Lee Konitz (1927-2020): An appreciation by Andy Hamilton

Andy Hamilton, author of Lee Konitz: Conversations on the Improviser’s Art (University of Michigan Press, 2007), writes in tribute to this inspiring figure in jazz: Lee Konitz With Warne Marsh, the famous recording on Atlantic Records from 1955, was one of the first jazz LPs I bought. It was from a series of reissues with a silver gatefold cover. I was a student at St Andrews University in Scotland, studying Philosophy, and I bought the album from the small record store in South Street – the shop later closed while I was on vacation, and unable to help sustain its meagre cash-flow.

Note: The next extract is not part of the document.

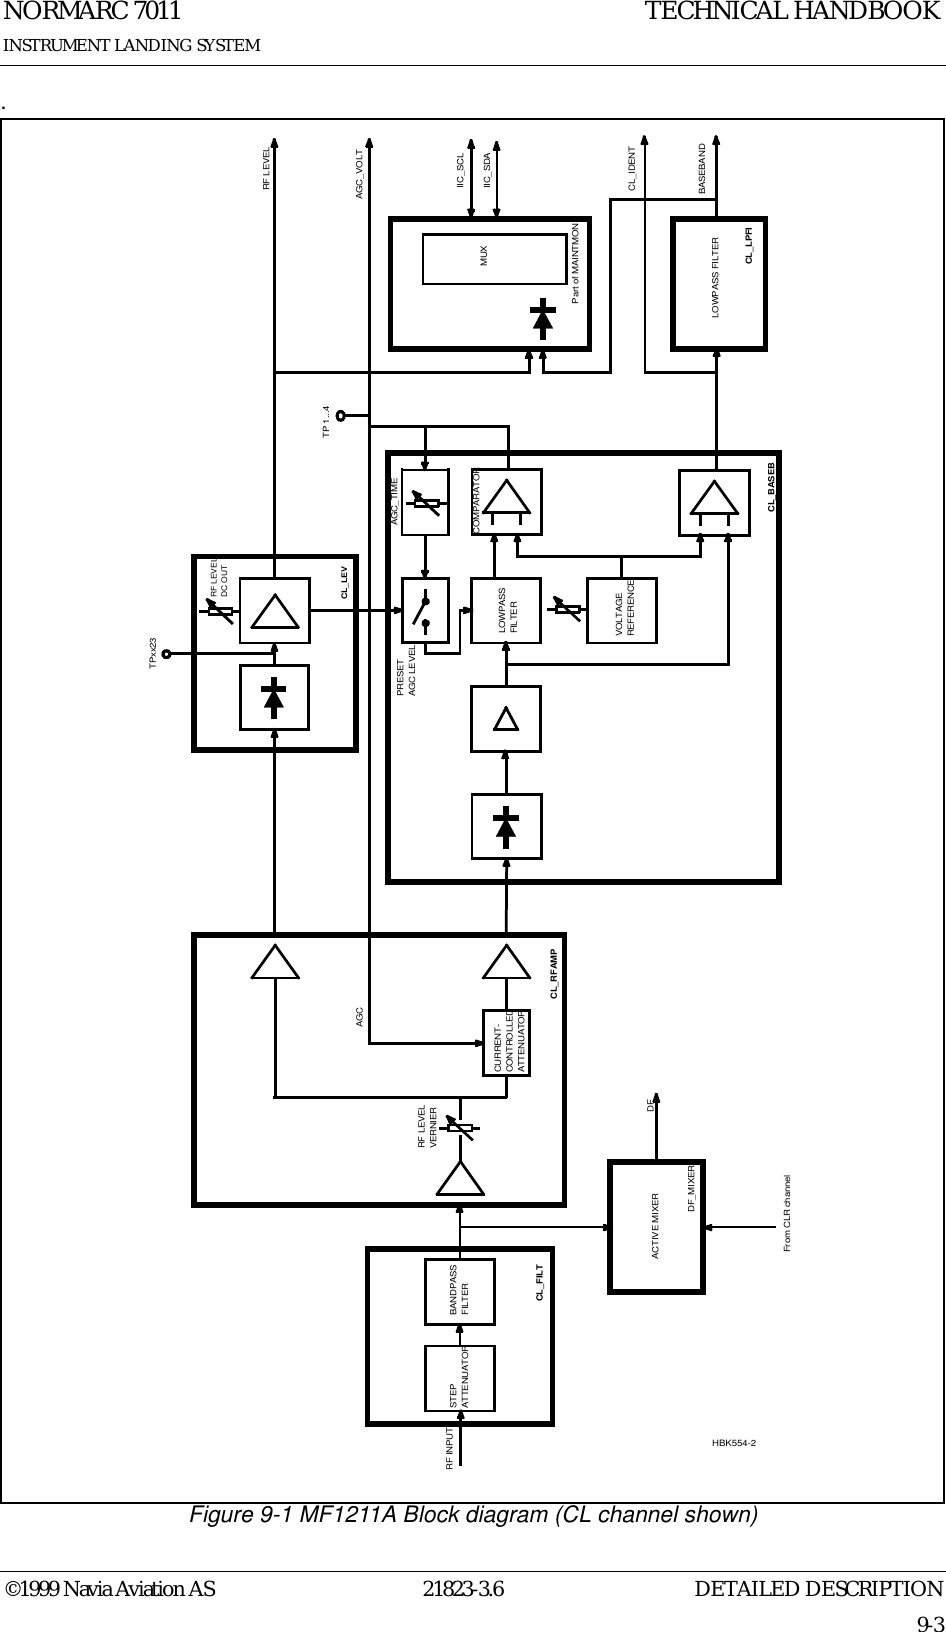 DETAILED DESCRIPTIONNORMARC 701121823-3.69-3INSTRUMENT LANDING SYSTEMTECHNICAL HANDBOOK©1999 Navia Aviation AS.Figure 9-1 MF1211A Block diagram (CL channel shown)CL_BASEBCURRENT-CONTROLLEDATTENUATORCL_RFAMPRF LEVELVERNIERSTEPATTENUATORBANDPASSFILTERCL_FILTLOWPASS FILTERBASEBANDRF INPUTCL_LPFIDF_MIXERACTIVE MIXERFrom CLR channelDFLOWPASSFILTERPRESETAGC LEVELRF LEVELDC OUTCL_LEVRF LEVELAGCMUXPart of MAINTMONCL_IDENTIIC_SDAIIC_SCLVOLTAGEREFERENCECOMPARATORAGC_VOLTTP 1...4TPxx23AGC_TIMEHBK554-2

It remains one of my all-time favourite albums, a masterpiece of lucid, interactive small-group jazz – the two saxophonists are supported by groups that include Sal Mosca, Billy Bauer, Oscar Pettiford and Kenny Clarke. Of those names, the only ones that meant anything to me at the time were beboppers Oscar Pettiford and Kenny Clarke. Many years later, I interviewed Billy Bauer and Sal Mosca – one of the great jazz pianists – for my book on Lee Konitz.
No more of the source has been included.